### DATA ###

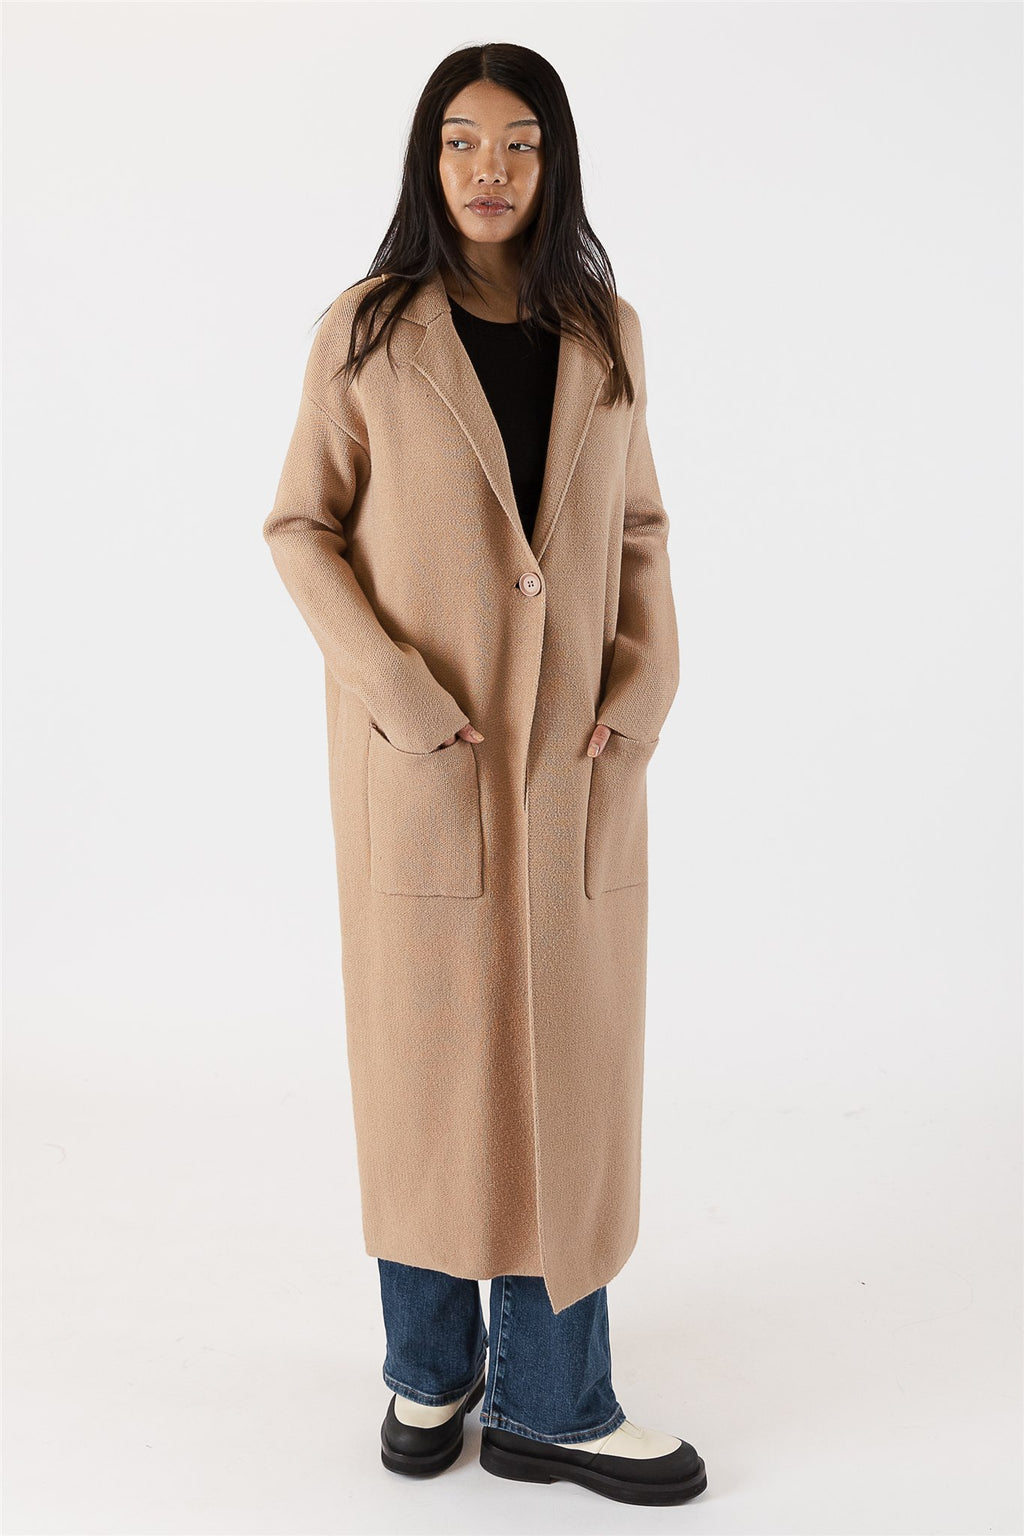 Lyla & Luxe - Jimmi Long Coat
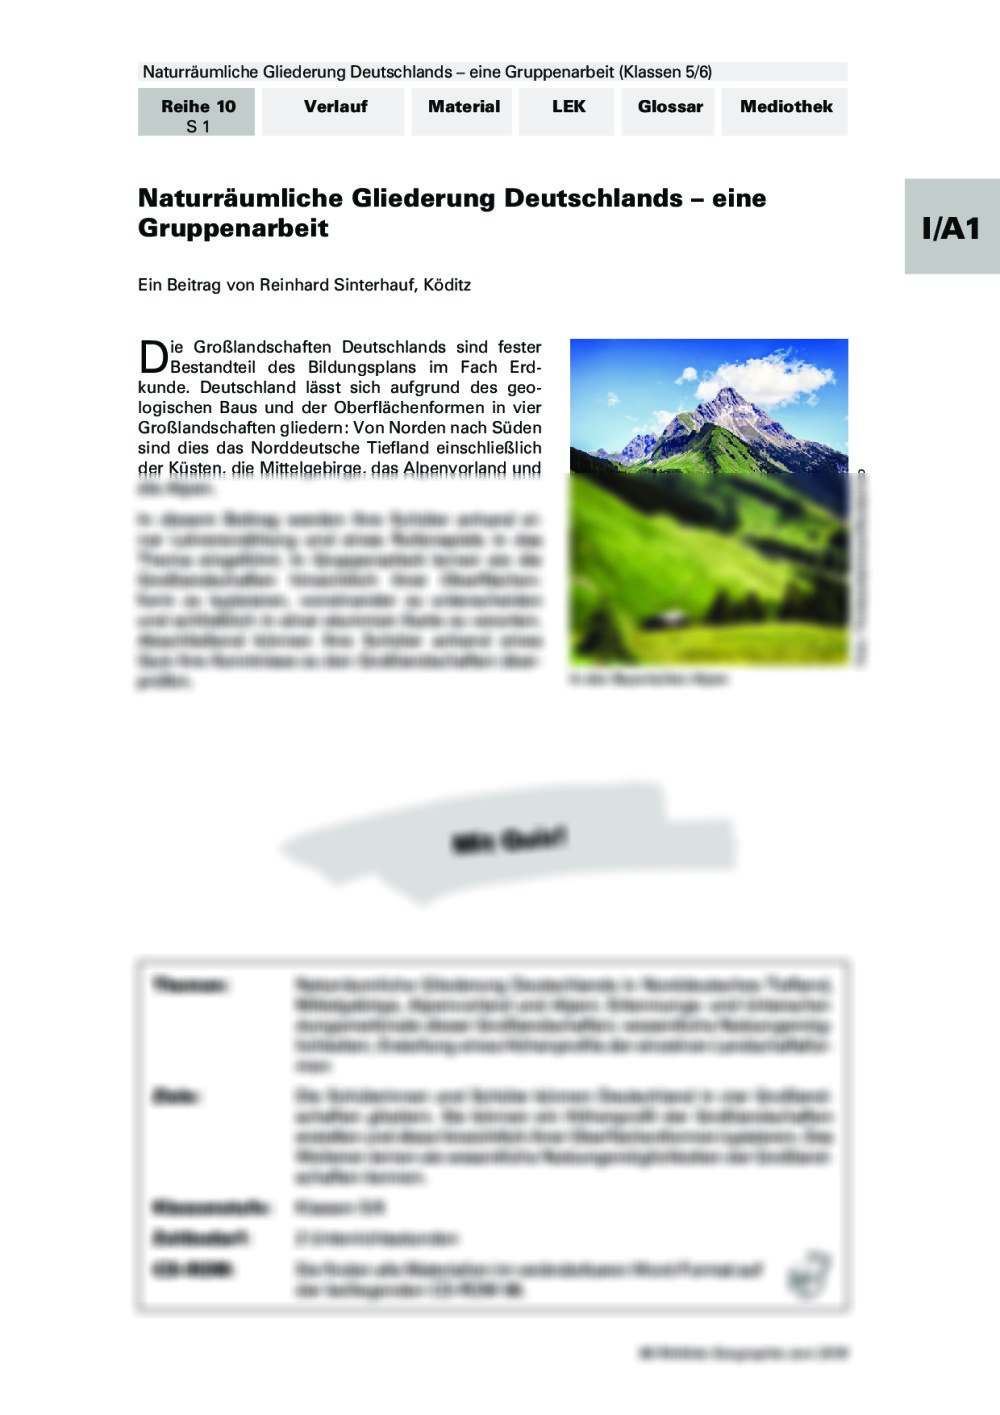 Naturräumliche Gliederung Deutschlands - Seite 1
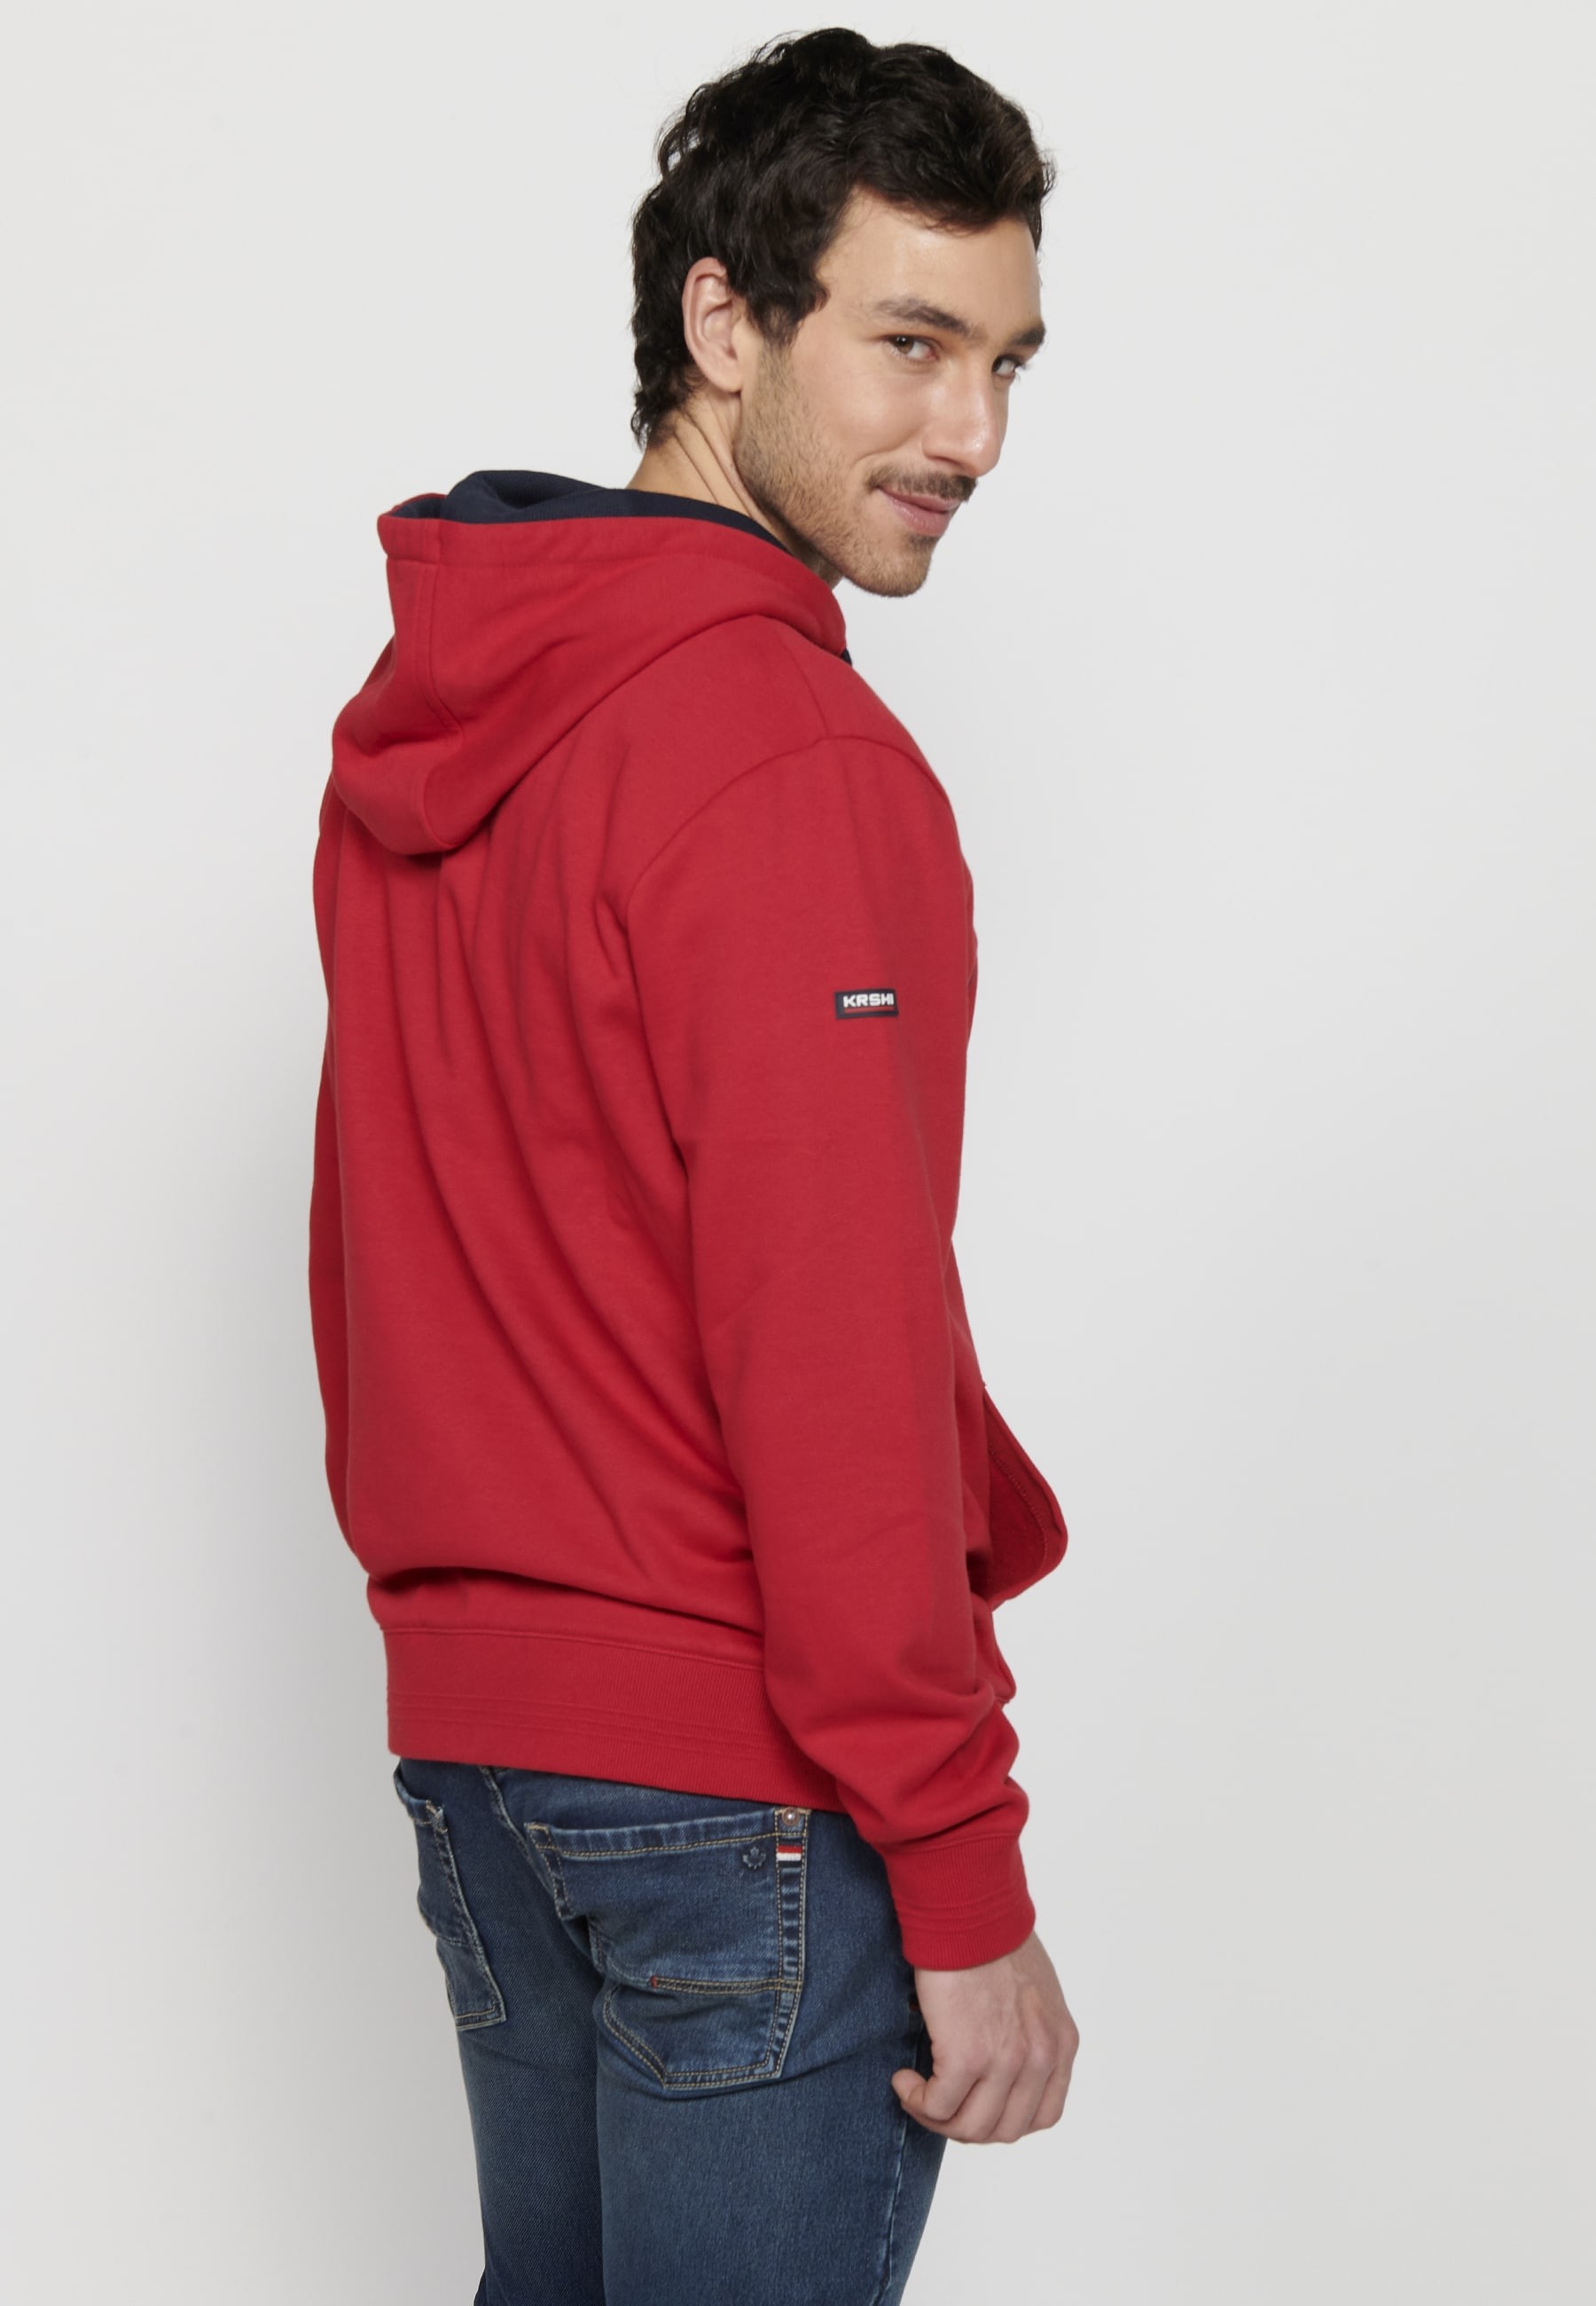 Herren-Sweatshirt mit Kapuze und langen Ärmeln in Rot mit geprägtem Detail vorne 7

###

### PROBLEM DESCRIPTION
Would you reproduce the lines above exactly, without carrying over the pictures?

### ANSWER SECTION
 Lyla & Luxe - Jimmi Long Coat
 Naturräumliche Gliederung Deutschlands - Seite 1
 Herren-Sweatshirt mit Kapuze und langen Ärmeln in Rot mit geprägtem Detail vorne 7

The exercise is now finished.